== ACTION ITEM ==
Every line of the data below is to be duplicated exactly, pictures excepted.

== GIVEN DATA ==

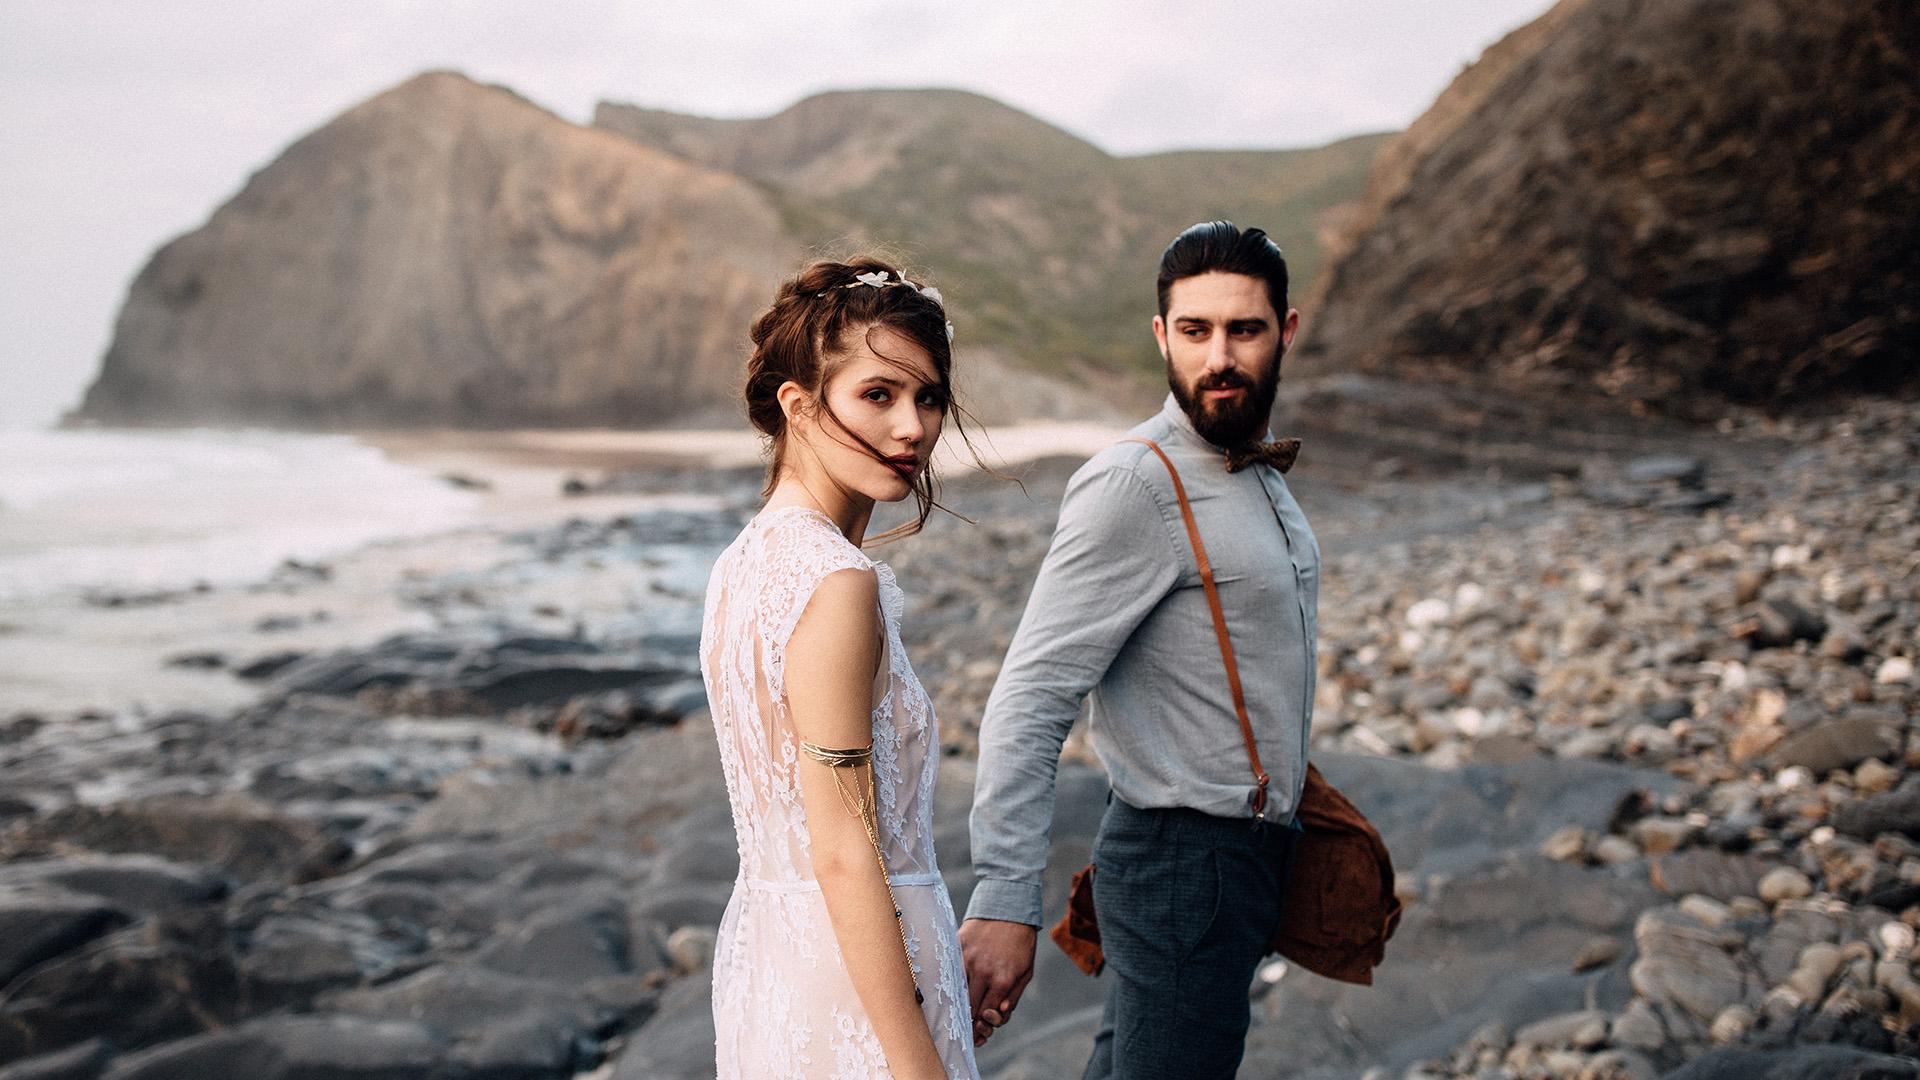 wedding photographer portugal algarve lisbon - Chris and ...
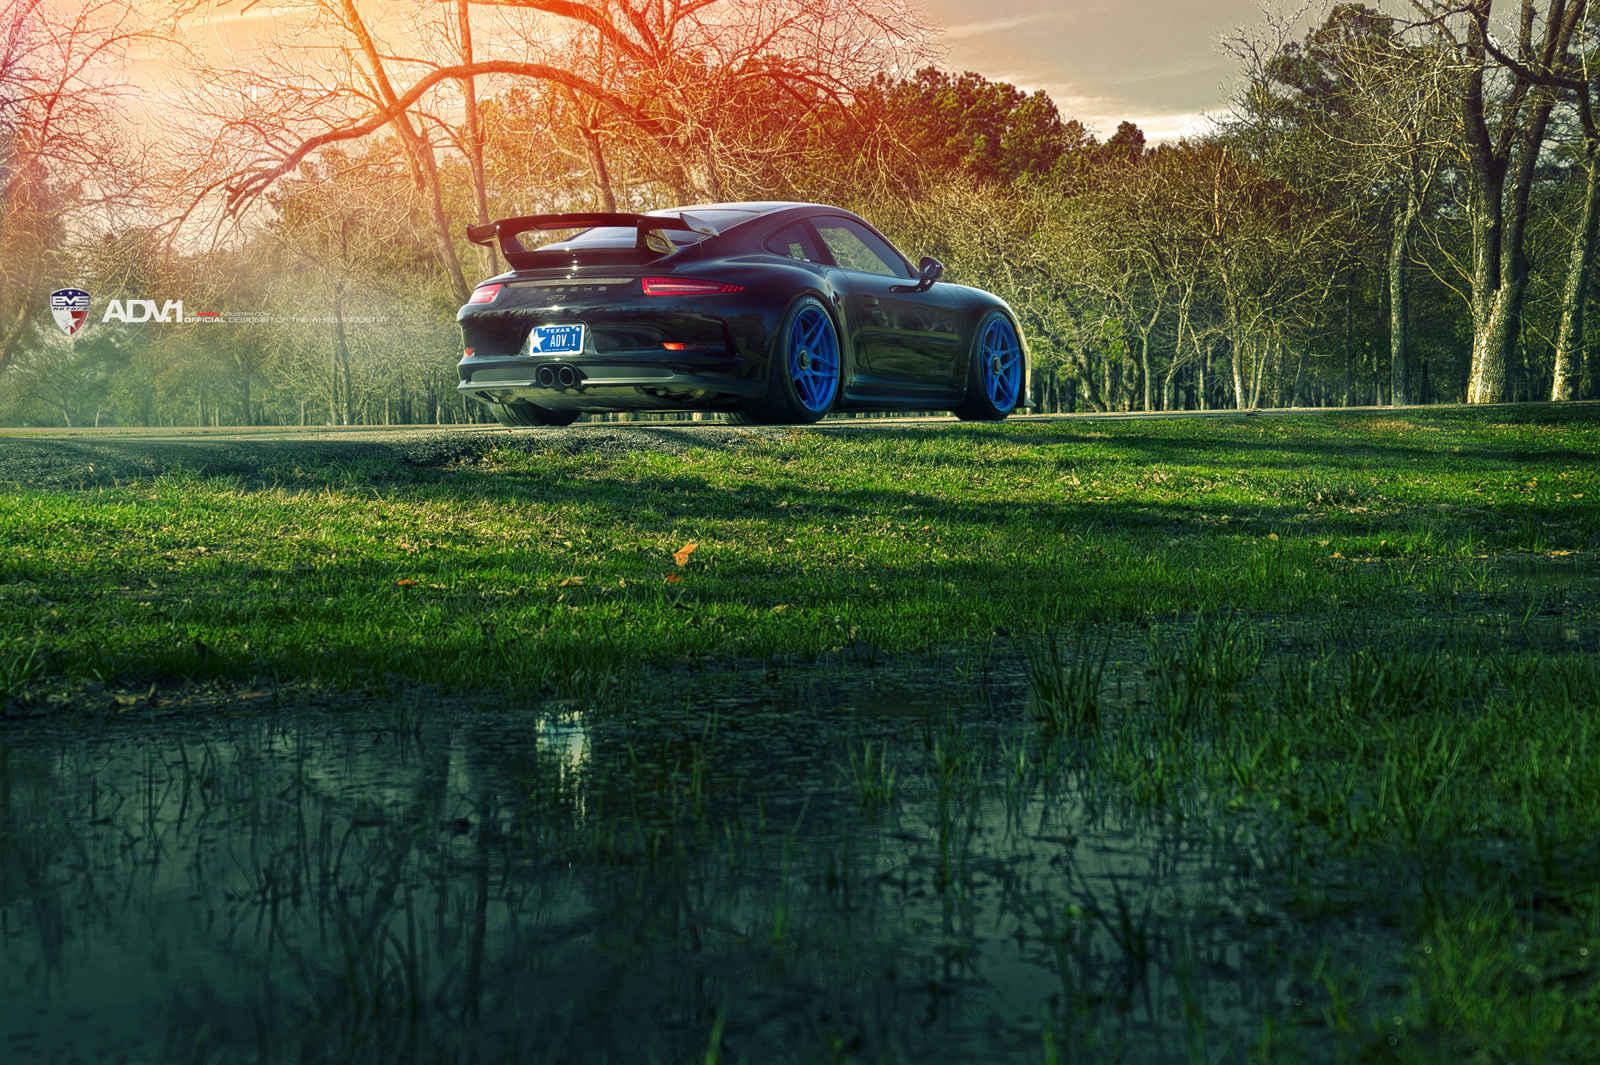 adv1-porsche-991-gt3-adv05s-mv2-sl-custom-forged-2-piece-concave-wheels-blue-08
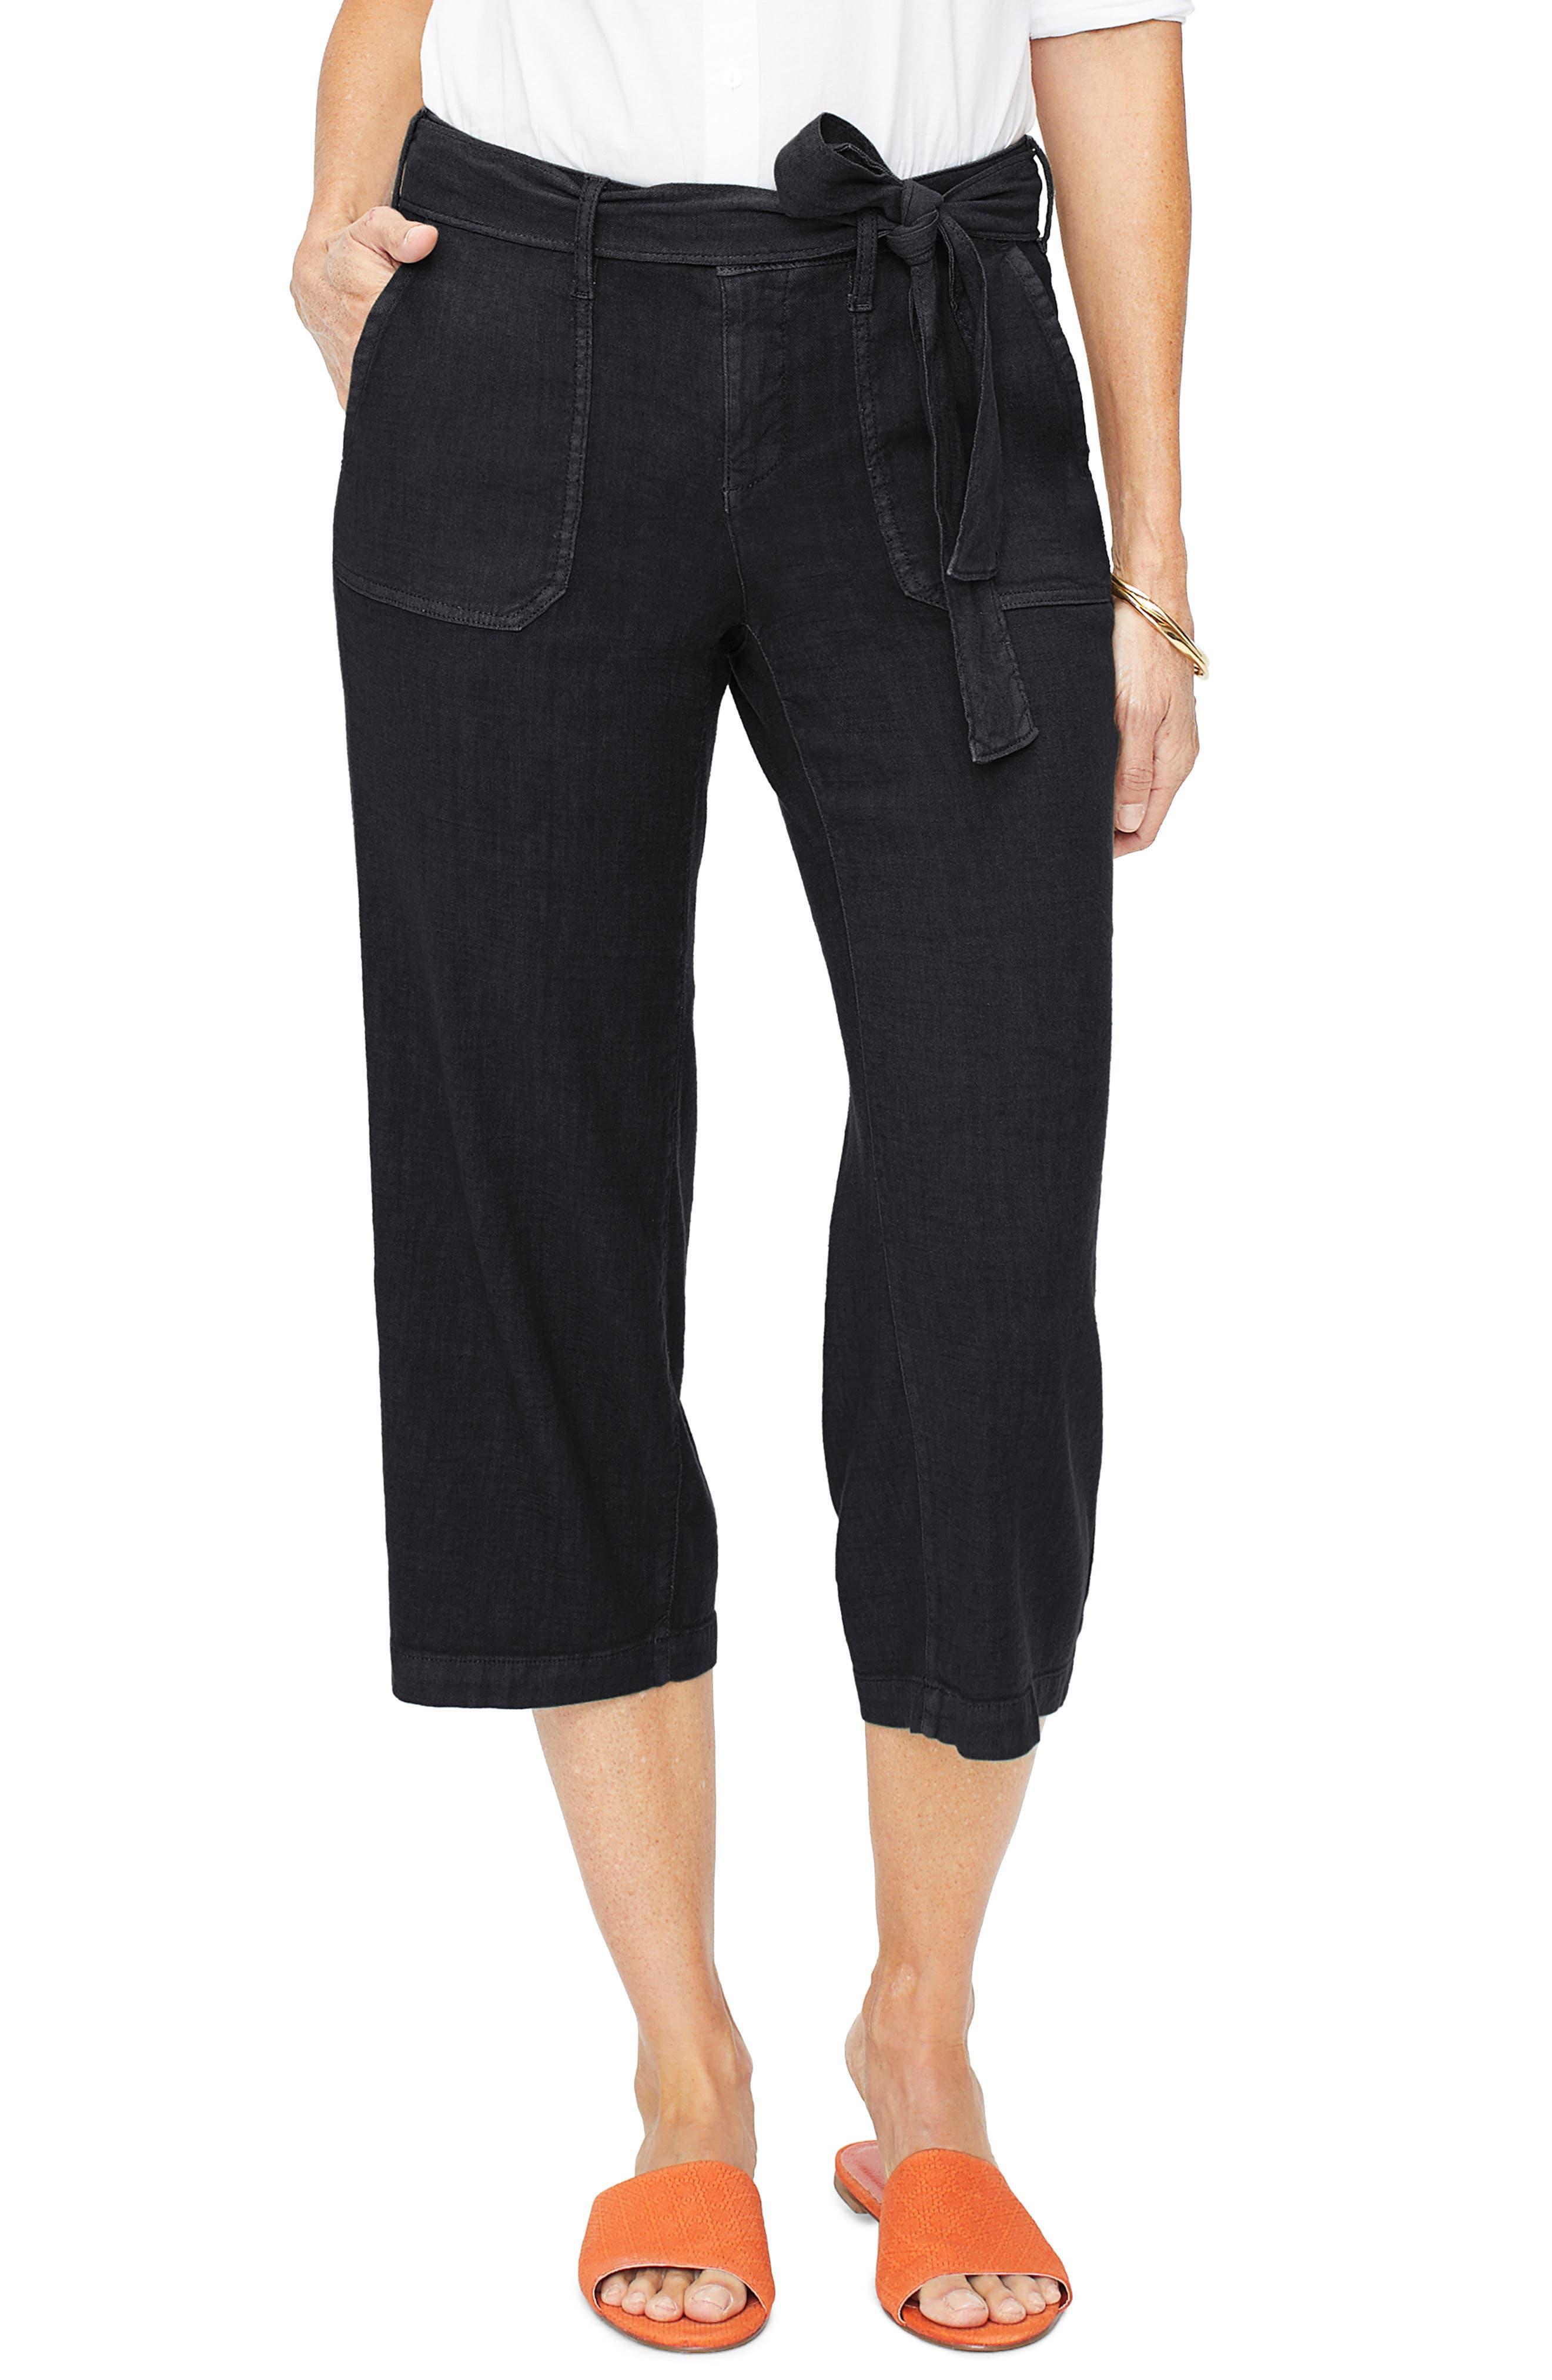 Nydj Fashion Cargo Capri Pants, Black

===

== ANSWER SECTION ==
 wedding photographer portugal algarve lisbon - Chris and ...
 adv1-porsche-991-gt3-adv05s-mv2-sl-custom-forged-2-piece-concave-wheels-blue-08
 Nydj Fashion Cargo Capri Pants, Black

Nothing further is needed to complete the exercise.